Ice Age and the Giant Bakken Oil Accumulation

Bruce Hart| AAPG Distinguished Lecturer, Statoil 

Tuesday, February 20, 2018

Doors open 11:30am | Announcements begin at 11:45 am
Marriott Hotel, Kensington Ballroom | 110 9 Avenue SW, Calgary, AB T2G 5A6

This Luncheon is Sold Out

Please note: The cut-off for ticket sales is 1:00pm, five business days before the event. February 13, 2018. 
The USGS estimated (2013) that the Late Devonian to Early Mississippian Bakken Formation holds in excess of 7 billion barrels (~1.1 billion m3) of recoverable oil, making it one of the top 50 largest oilfields in the world. Most of the production comes from shallow-marine sandstones of the Middle Bakken Member that are directly over- and underlain by extremely organic-rich shale source rocks (Upper and Lower Bakken Shale members respectively). Although not oil-productive everywhere, the Middle Bakken forms a relatively sheet-like unit that covers an area of over 200,000 square miles (~520,000 km2) of the intracratonic Williston Basin.

The vertical juxtaposition of shallow-marine reservoir and more distal source rocks over such a large area, without intervening transitional facies, is unusual from a stratigraphic perspective. One possible explanation would require global fluctuations of sea level to drive geologically rapid and extensive shoreline movements in this relatively stable basin. Forced regression associated with falling sea level could explain the lack of transitional facies (e.g., inner shelf) between the distal Lower Bakken Shale and the overlying Middle Bakken (a sharp-based shoreface). Subsequent sea-level rise would have caused rapid and extensive transgression, leading to the observed stratigraphic relationships between the Middle and Upper Bakken members. But what could have caused the changes in sea level?
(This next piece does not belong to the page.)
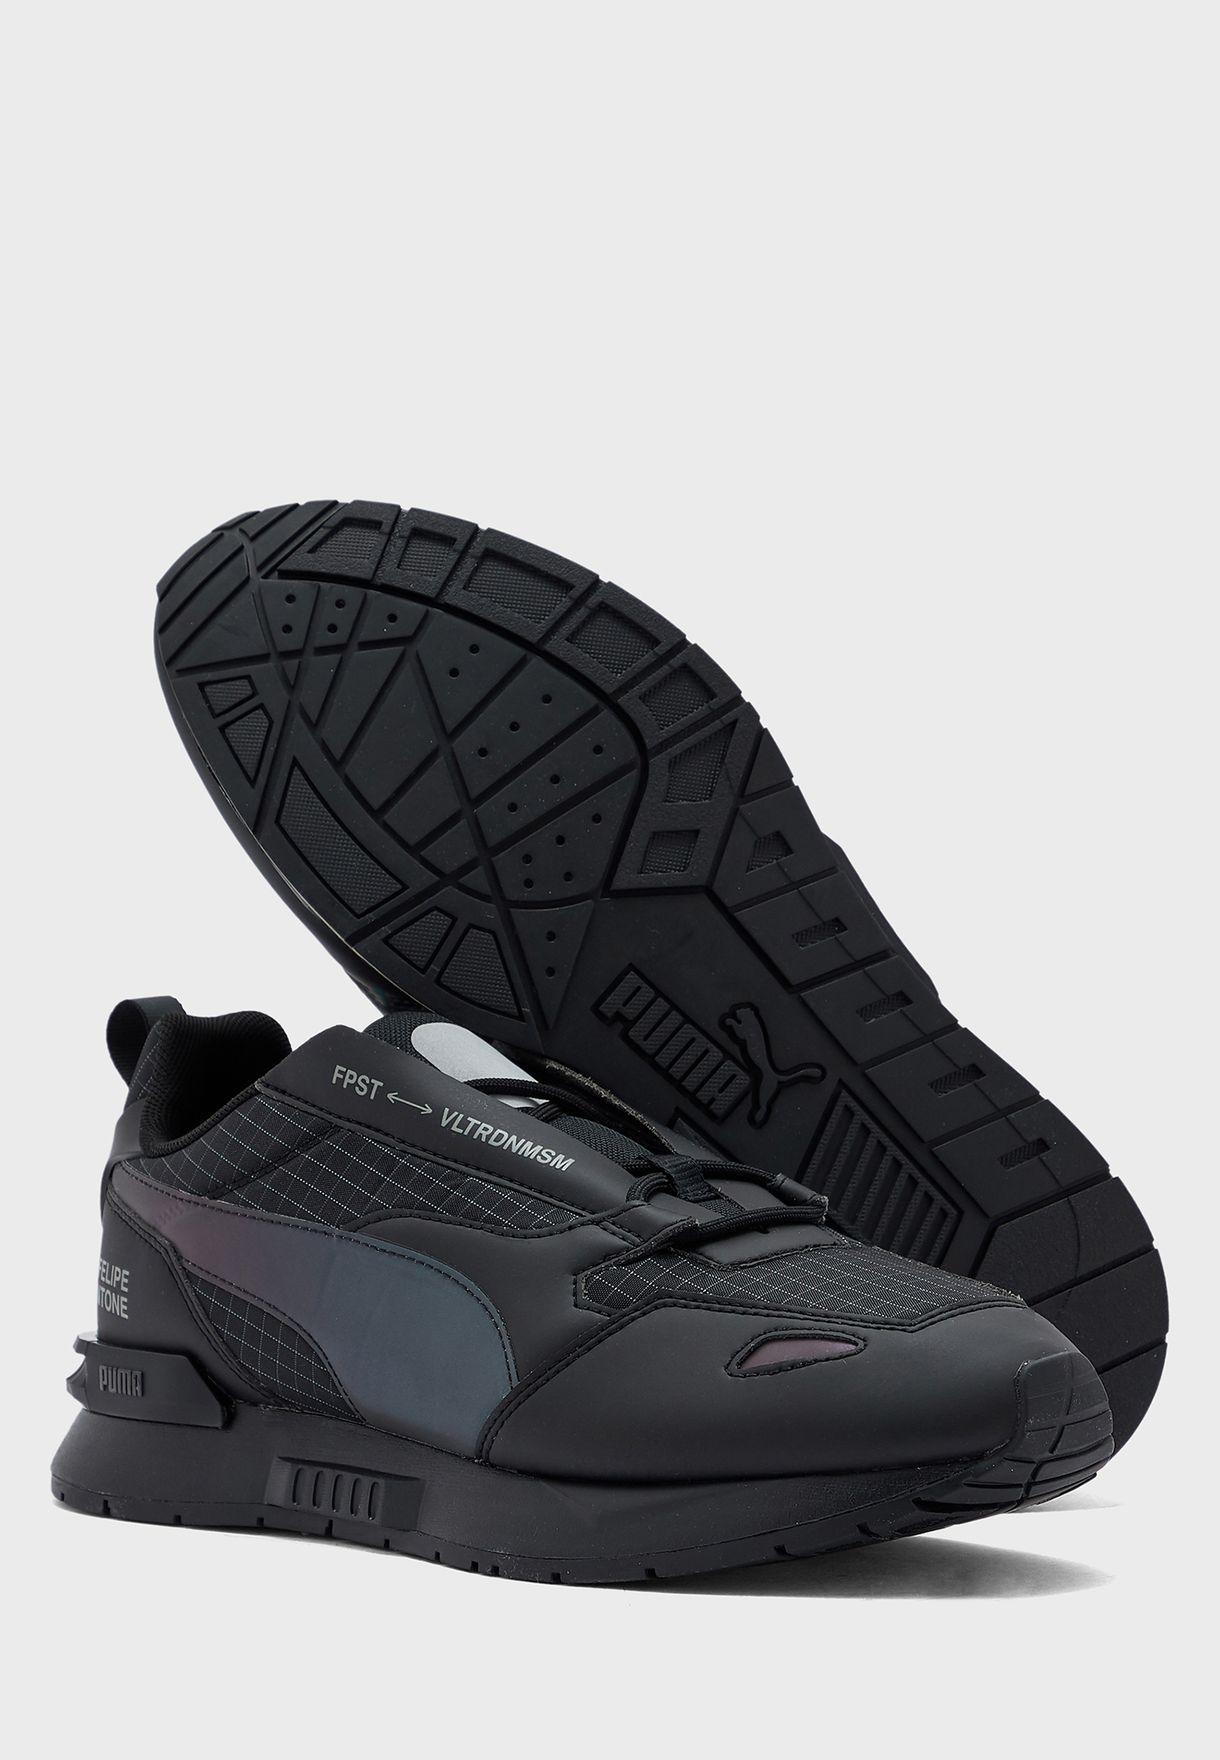 حذاء ميراج موكس تيك اف بي

A considerable body of evidence points to a Late Devonian-Early Mississippian ice age that covered portions of Gondwana (e.g., parts of present-day Brazil) that were situated close to the paleo South Pole. This ice age consisted of more than one glacial/interglacial cycle and was probably triggered by massive removal of CO2 from the atmosphere by land plants and organic-rich shales. Some evidence indicates that at least 100 m of sea-level drop took place during one of the Famennian glaciations, which would have effectively drained the Williston Basin and induced major shoreline progradation. Melting of the ice sheets would have caused transgression and reflooding of the basin and deposition of the Upper Bakken Shale. Other basins around the world record similar evidence for glacioeustacy near the Devonian-Mississippian transition. The glacial/interglacial cycles are expressed differently from basin to basin, reflecting the interplay between fluctuations of global sea level and each basin’s history of subsidence and sediment supply.


Bruce Hart is a research scientist with Statoil leading the study of shale and unconventional exploration and development. Prior to joining Statoil, Hart held positions with ConocoPhillips, McGill University, New Mexico Tech, Penn State and the Geological Survey of Canada.
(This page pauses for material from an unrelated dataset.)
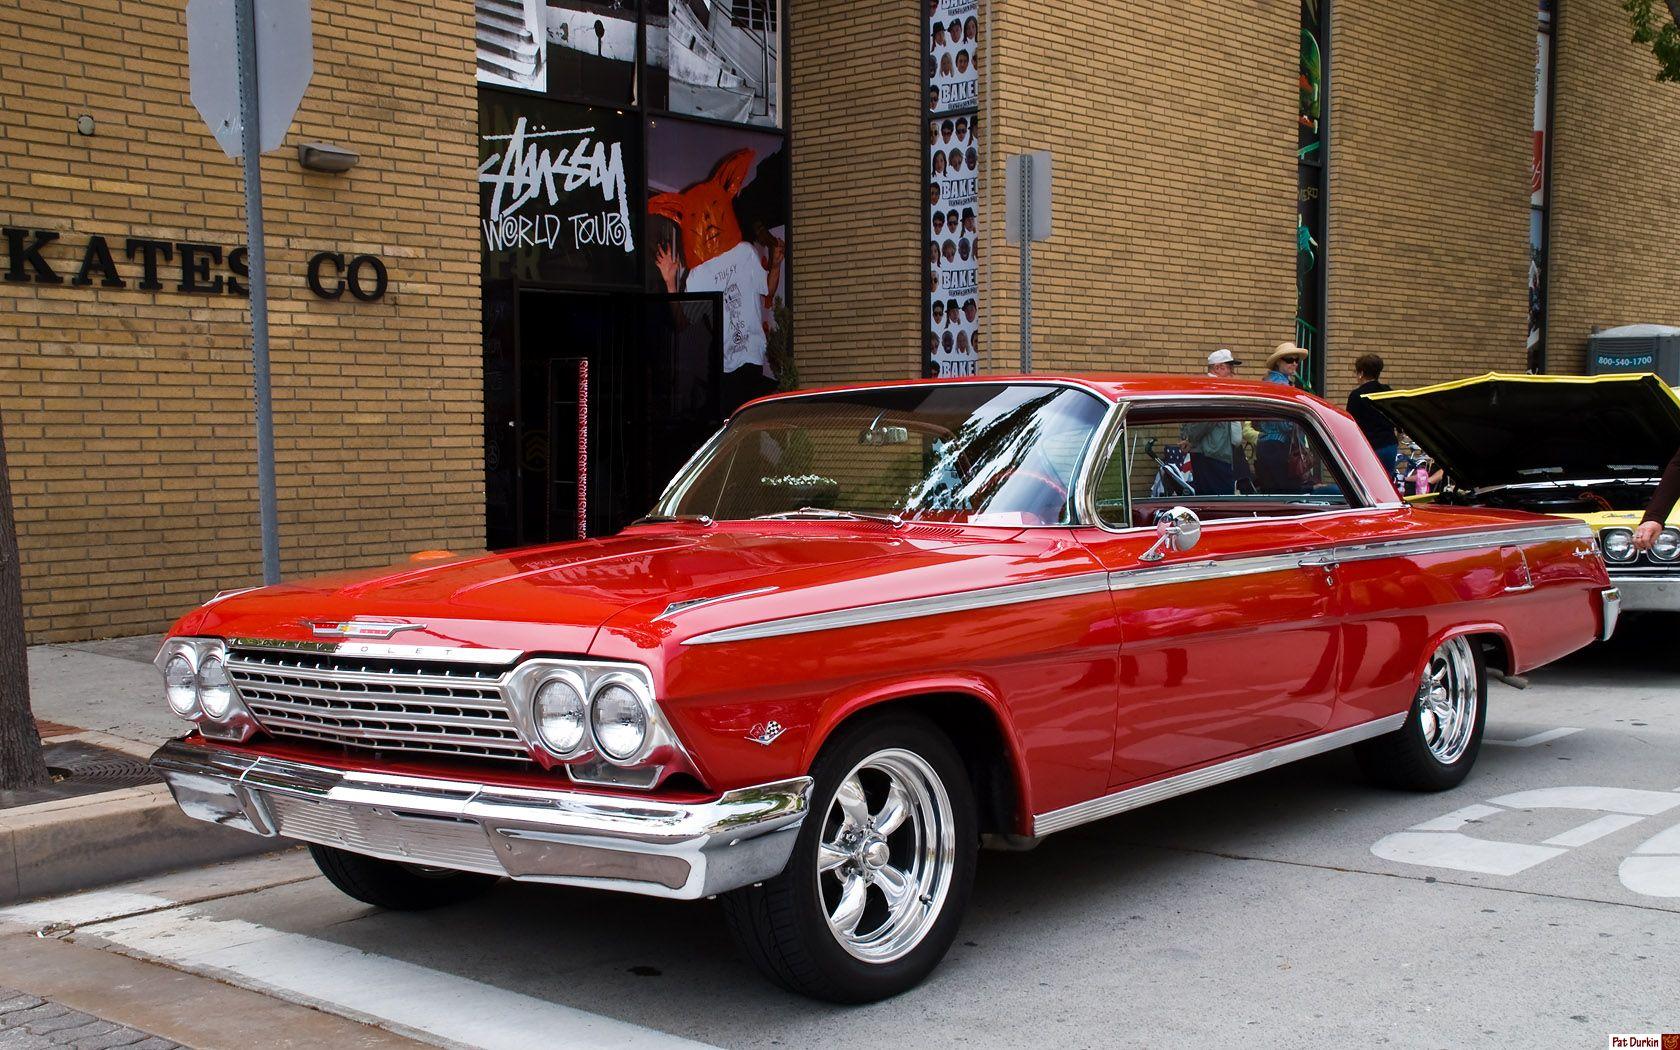 Impala 97 chevy impala : 1962 Impala, red 2-door - I love red - Sweeet Ride! | The Need For ...

He received a bachelor’s degree in geology from McMaster University, a master’s degree in oceanography from Universite du Quebec a Rimouski and a doctorate degree from the University of Western Ontario.

He has authored or co-authored more than 60 peer-reviewed publications (three of which won Best Paper awards) on shales, seismic attributes, clastic sedimentology, fractured reservoirs, pore-pressure prediction, sequence stratigraphy and other topics. He has written more than 50 papers as SPE and URTeC papers, papers in trade journals and extended abstracts. He authored a digital textbook on seismic interpretation for AAPG, and has given short courses on that topic in Houston, London, Cairo, Kuala Lumpus, Calgary and Vienna.

He previously toured as the AAPG-SEG Distinguished Lecturer in 2009-10, and as a Guest Lecturer for the Canadian Society of Petroleum Geologists in 2006.